Dataset extract:

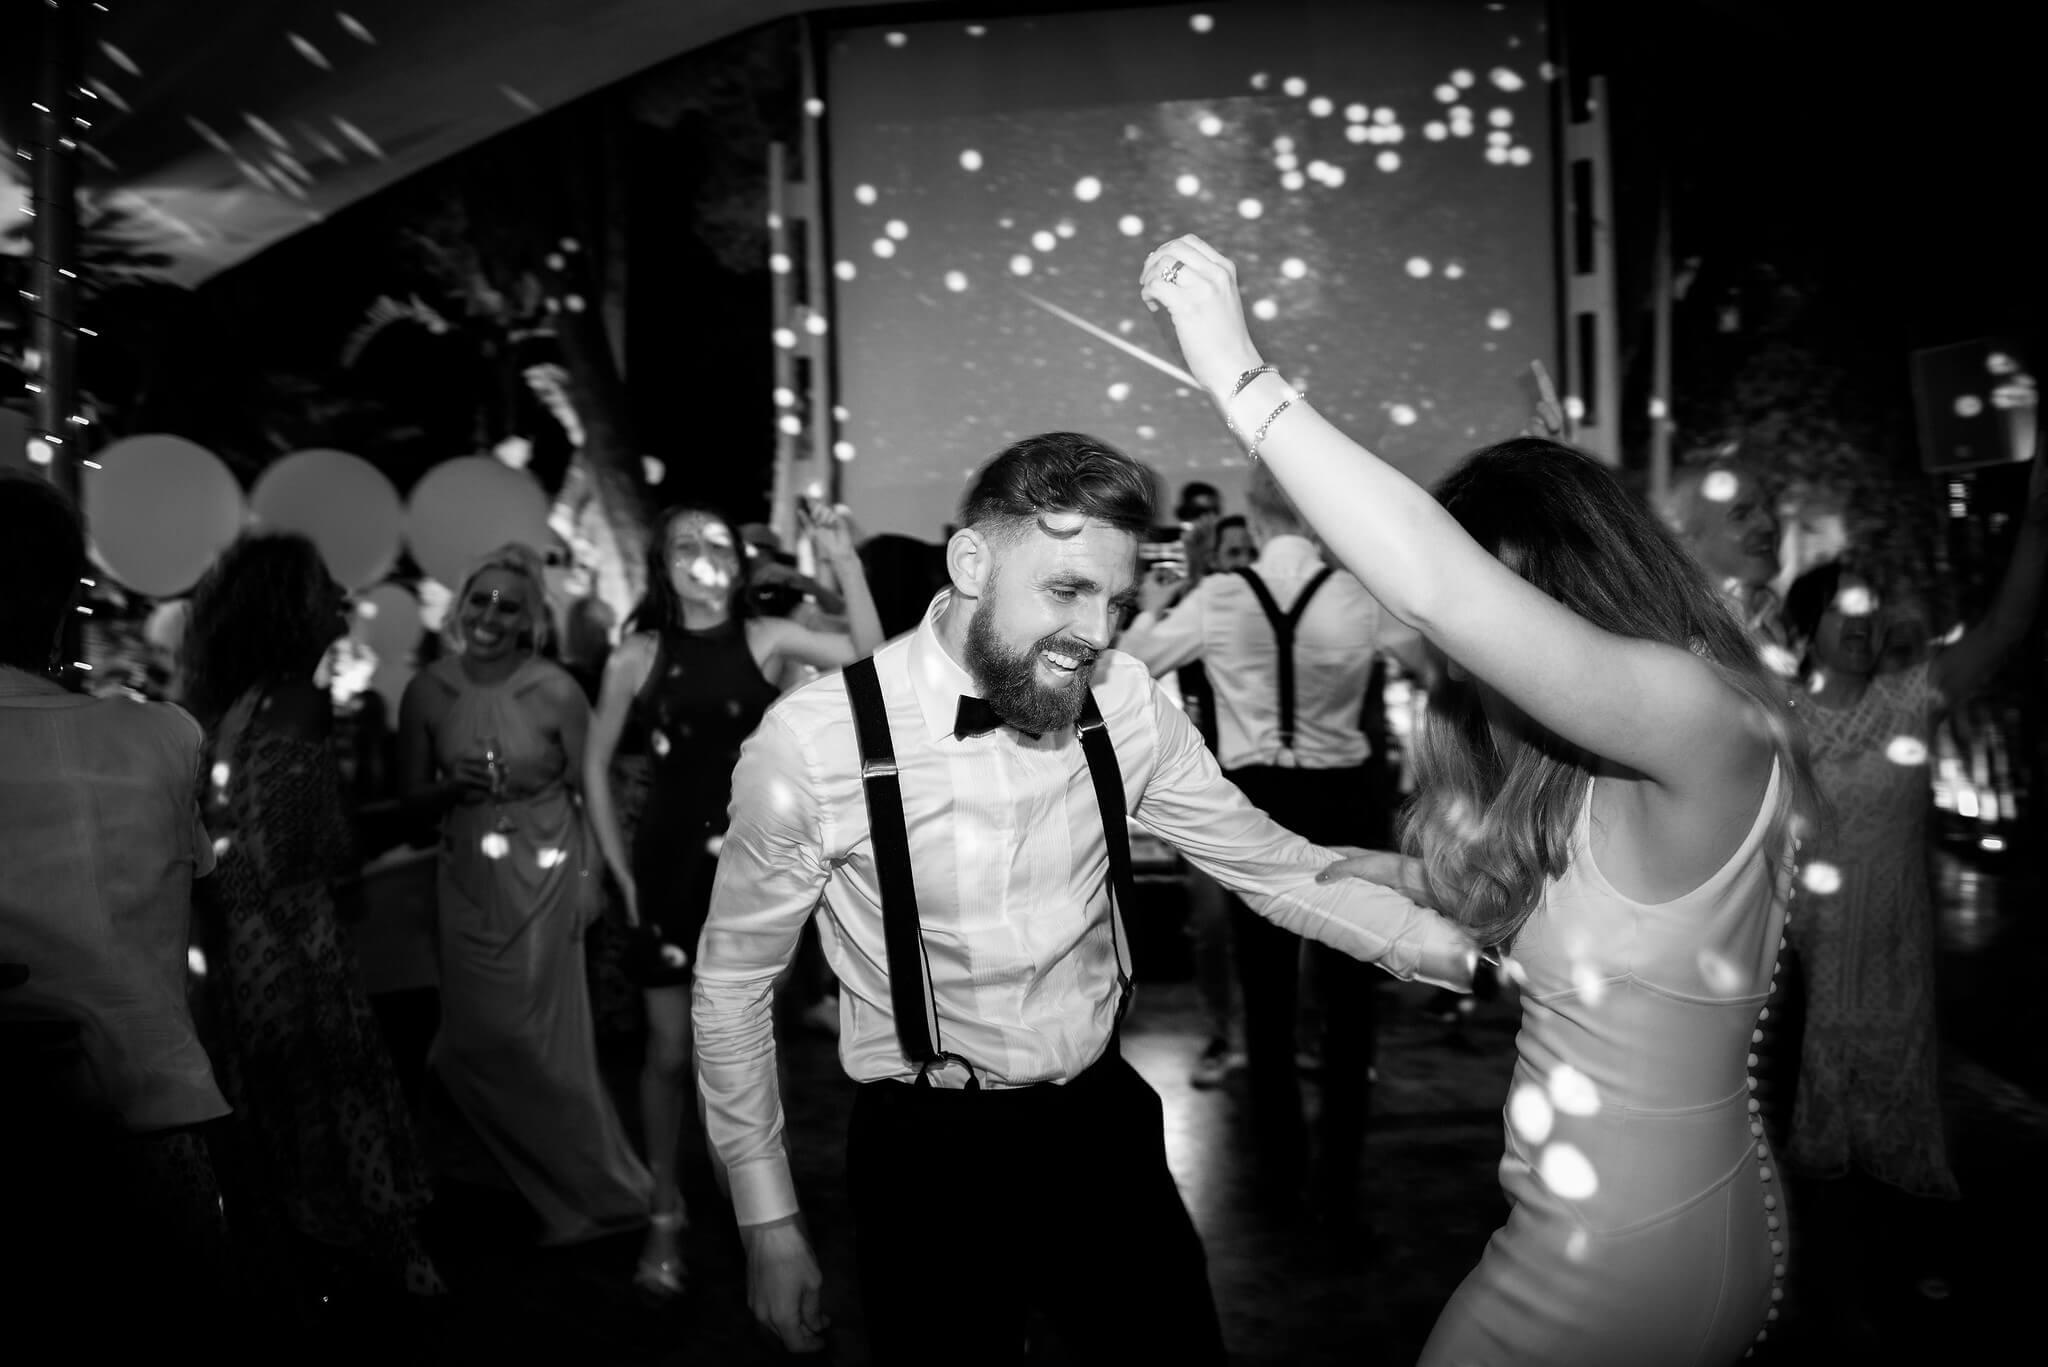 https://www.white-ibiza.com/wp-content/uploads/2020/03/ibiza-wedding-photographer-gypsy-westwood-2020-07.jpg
---
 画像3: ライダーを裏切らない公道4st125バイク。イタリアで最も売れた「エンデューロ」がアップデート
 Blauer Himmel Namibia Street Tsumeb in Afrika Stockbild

Problem description: Look in the material above for the line with "画像3: ライダーを裏切らな" and the line with "Blauer Himmel Namibia", and transcribe exactly those lines and all lines between them, nothing more.

Response below:
 画像3: ライダーを裏切らない公道4st125バイク。イタリアで最も売れた「エンデューロ」がアップデート
 Blauer Himmel Namibia Street Tsumeb in Afrika Stockbild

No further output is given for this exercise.